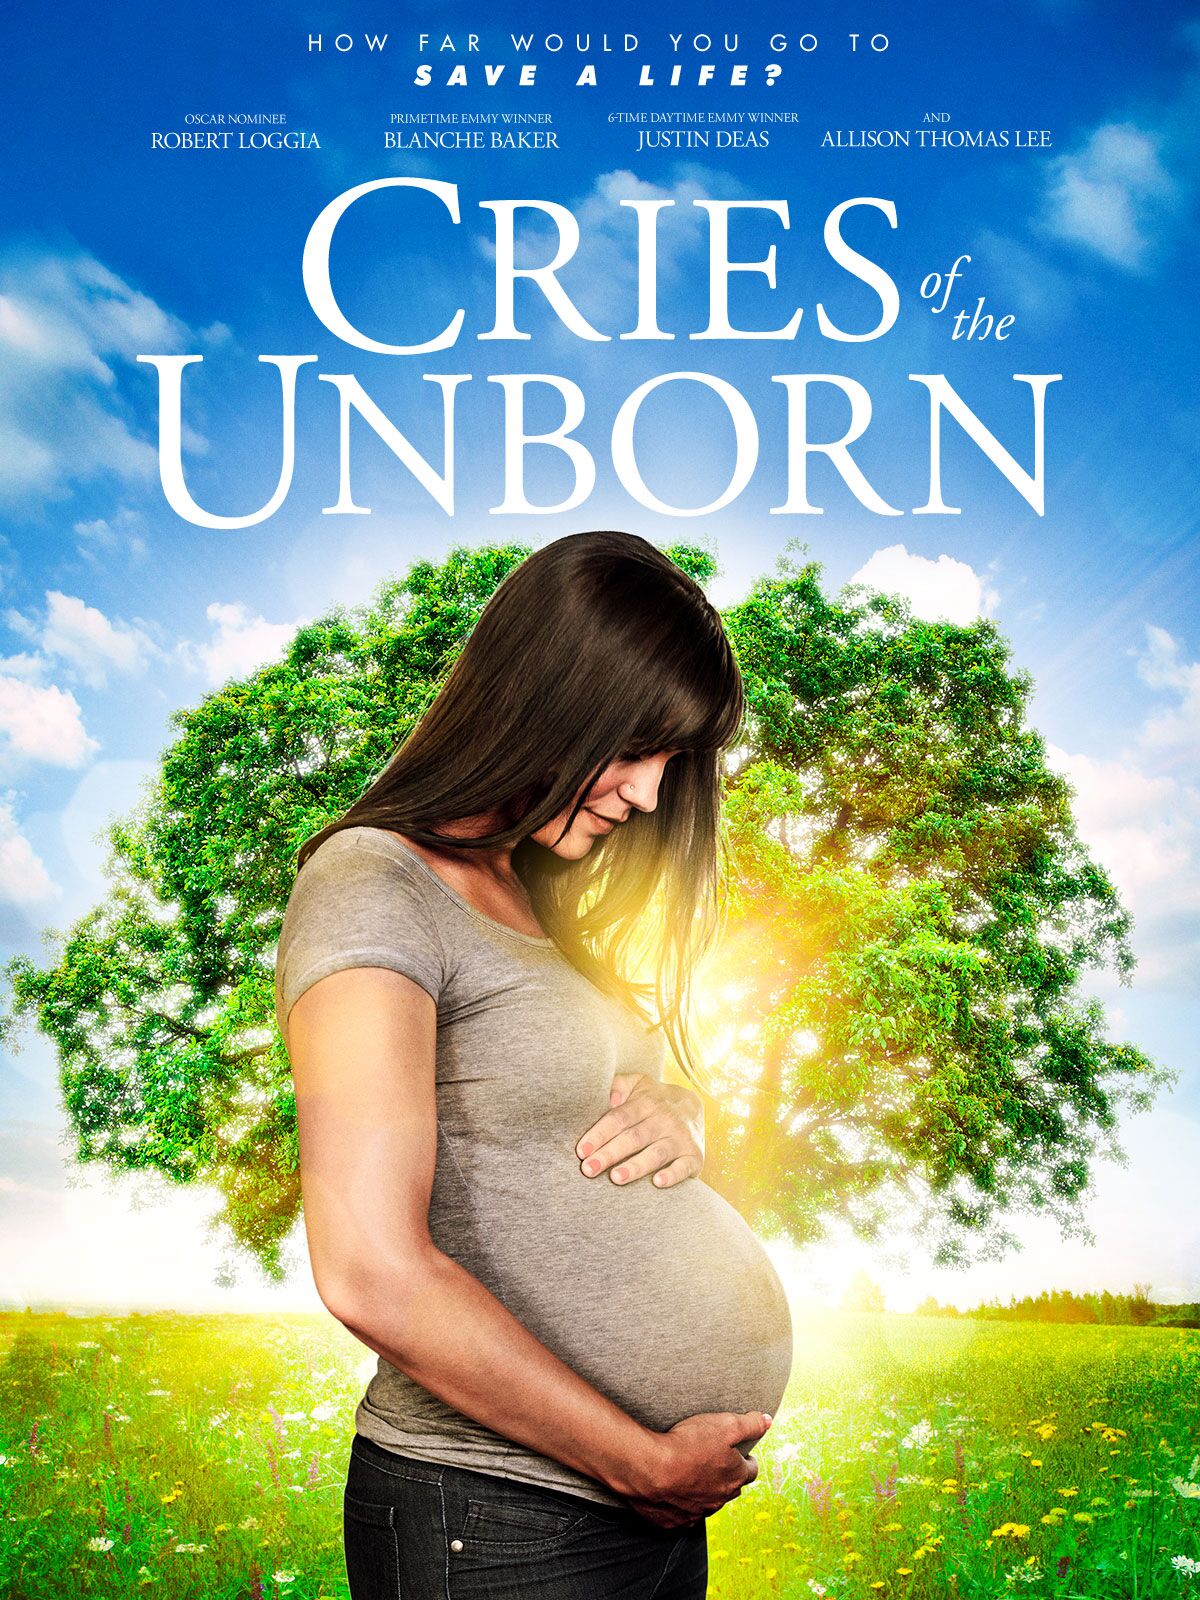 Cries of the Unborn (2017) starring Allison Thomas Lee on DVD on DVD
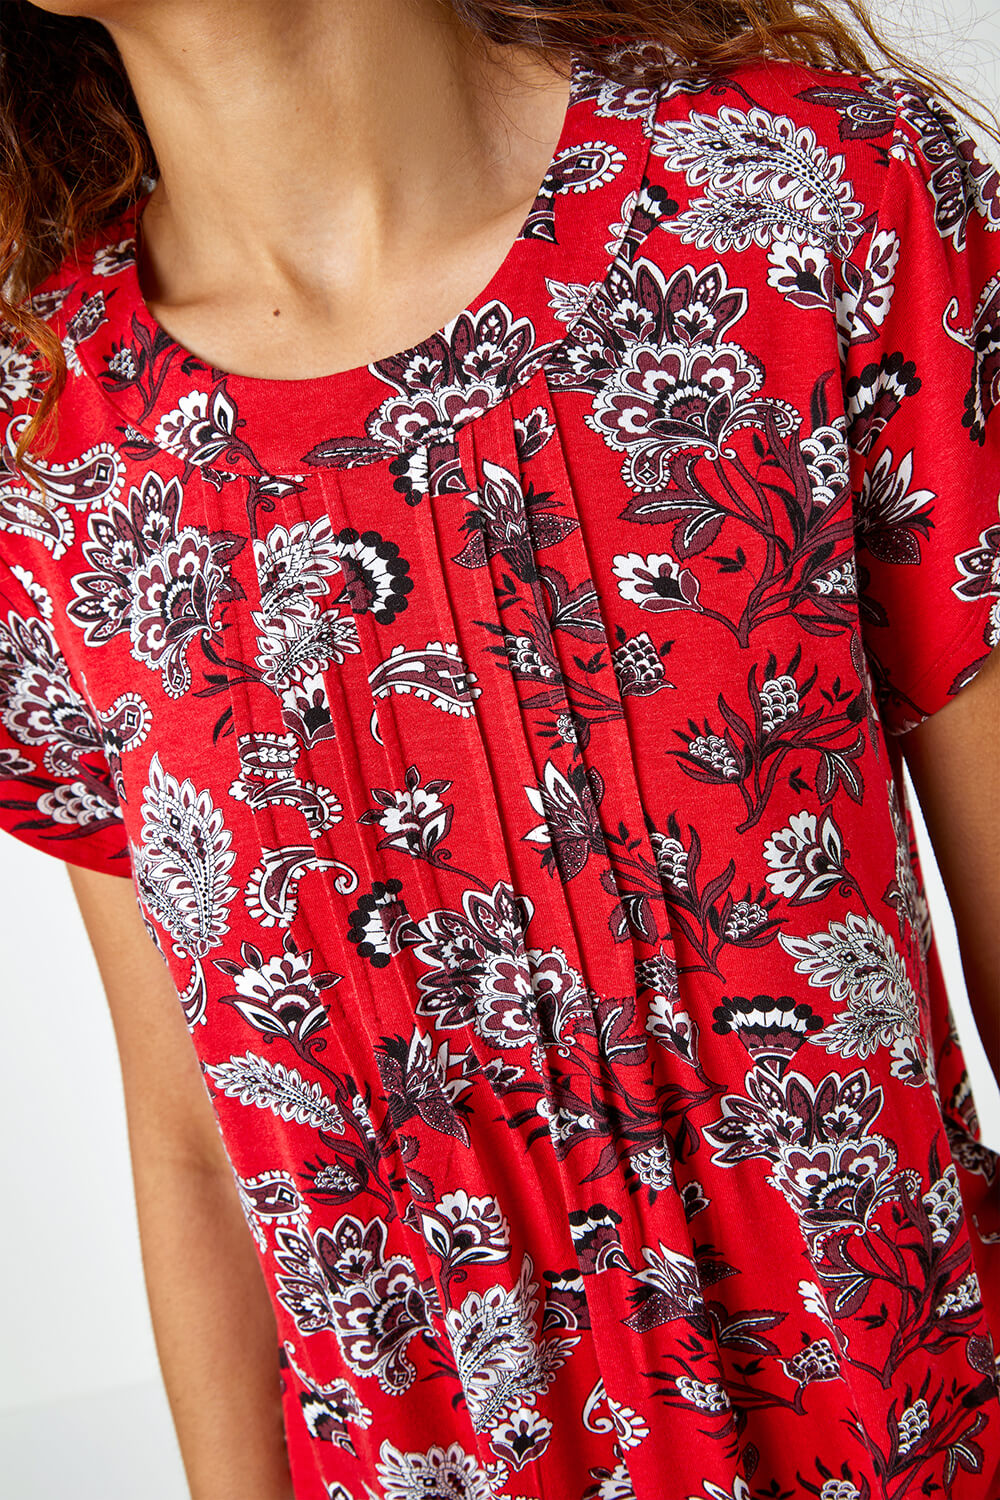 Red Paisley Print Pleat Detail Blouse, Image 5 of 5
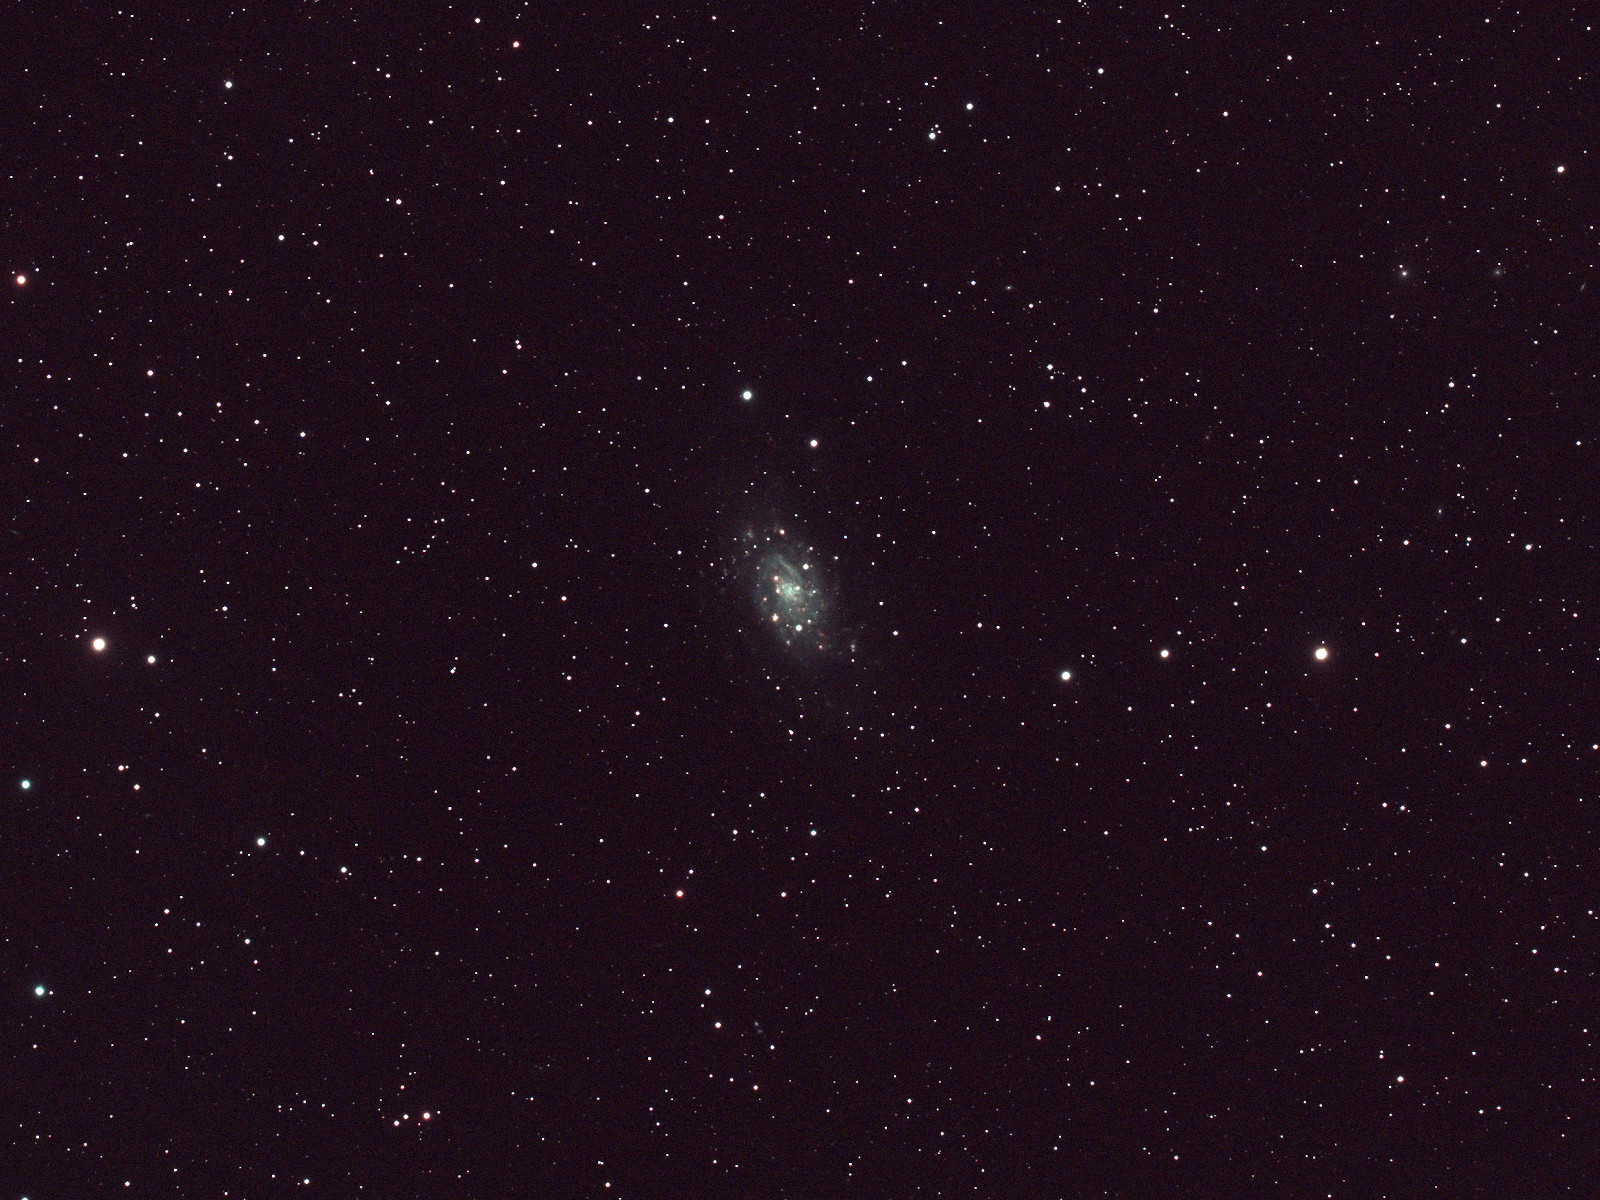 NGC2403 - small image of a spiral galaxy
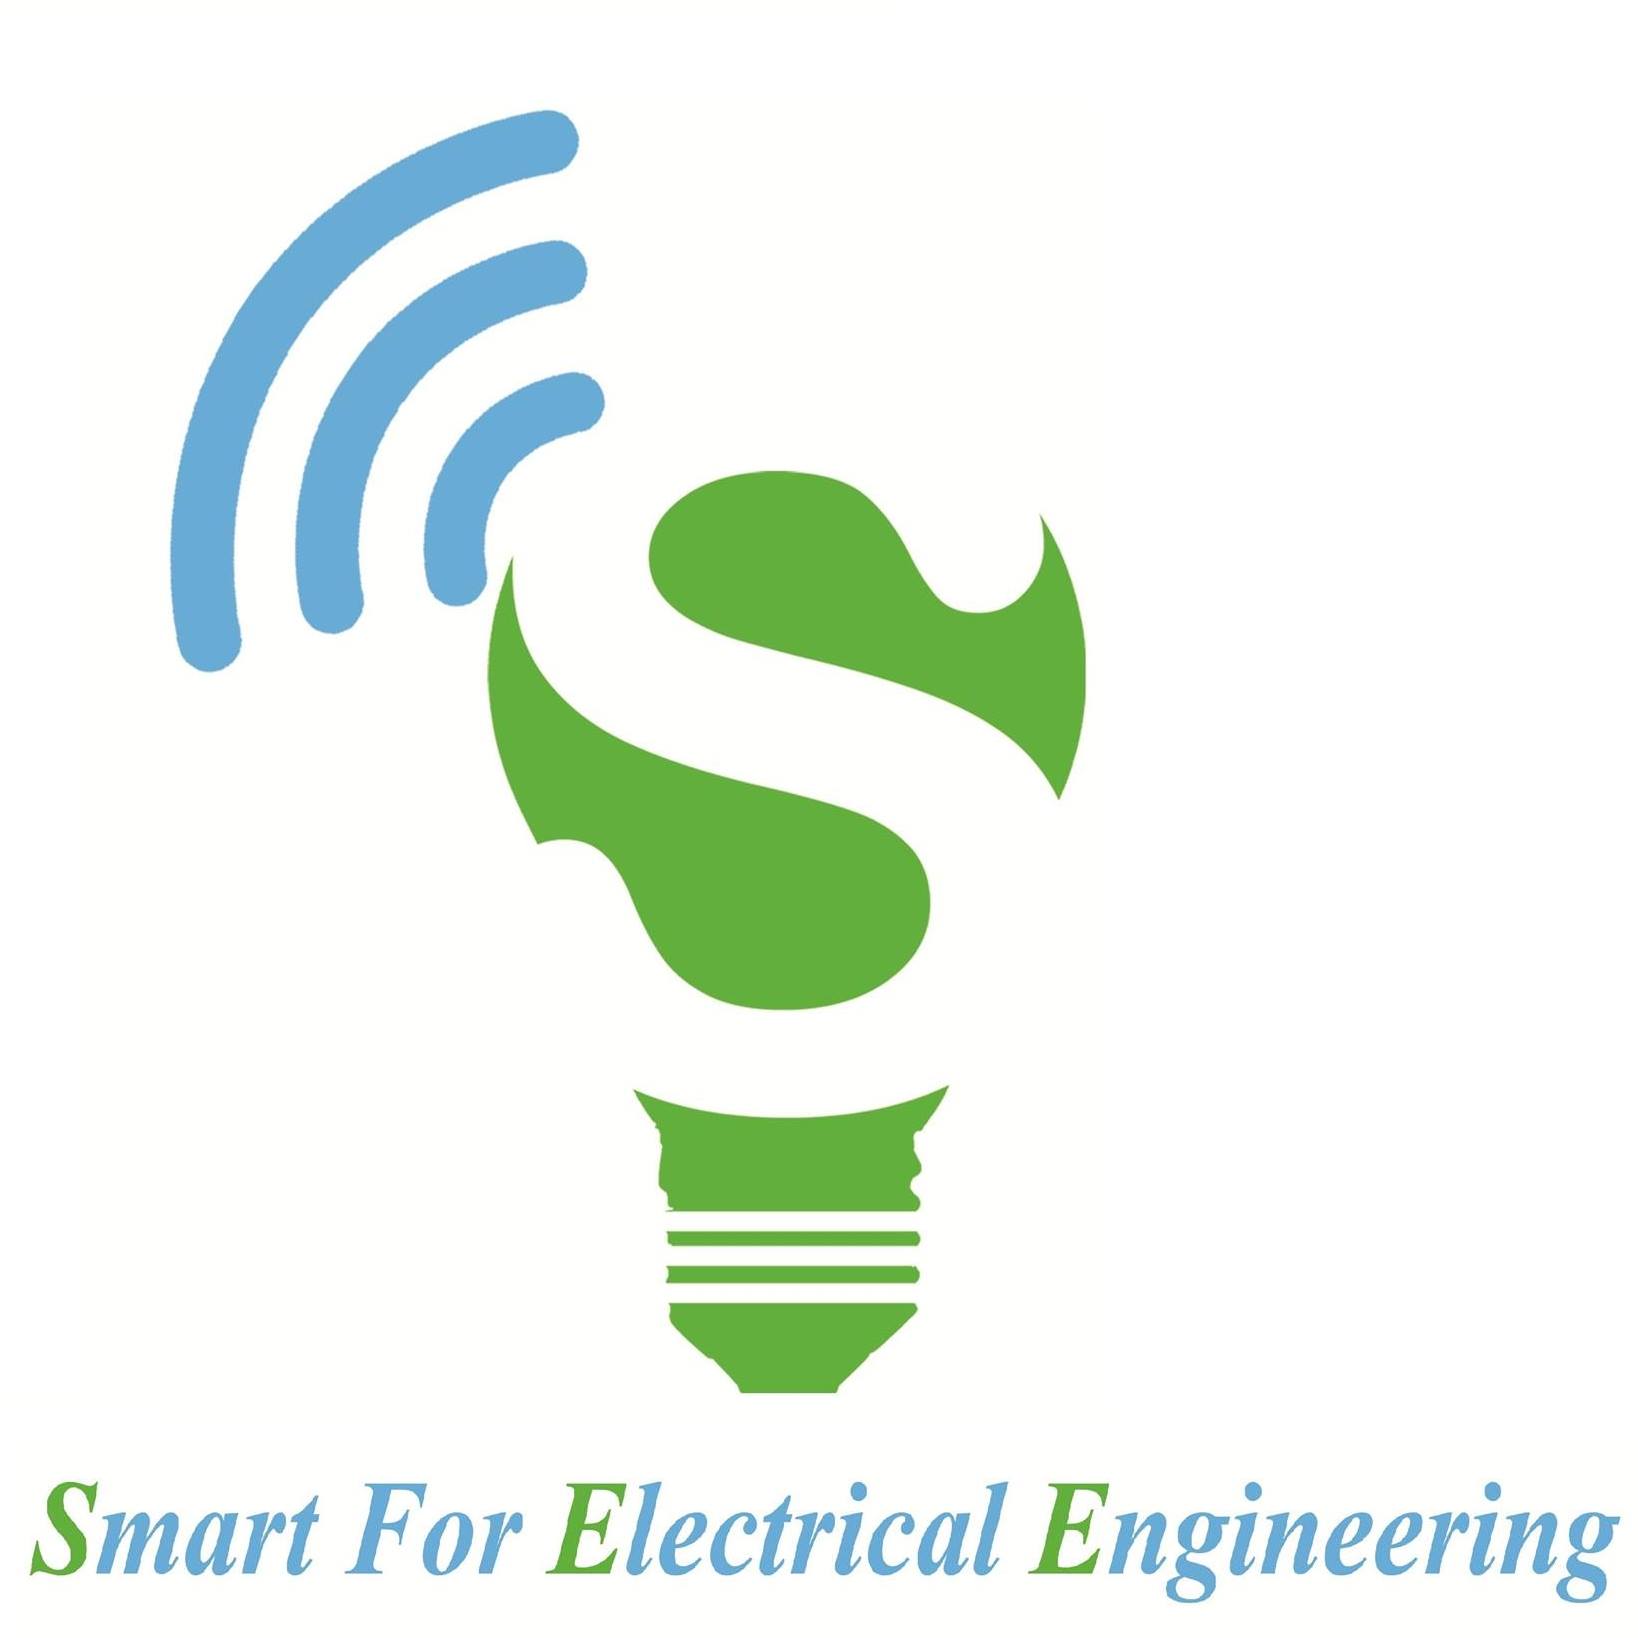 Smart for Electrical Engineering - See

AIM OF THE EXERCISE: Could you set down word for word each line from the one holding "NGC2403 - small image of a spiral galaxy" through the end of the material above, without any pictures?

ANSWER TO THIS EXERCISE:
 NGC2403 - small image of a spiral galaxy
 Smart for Electrical Engineering - See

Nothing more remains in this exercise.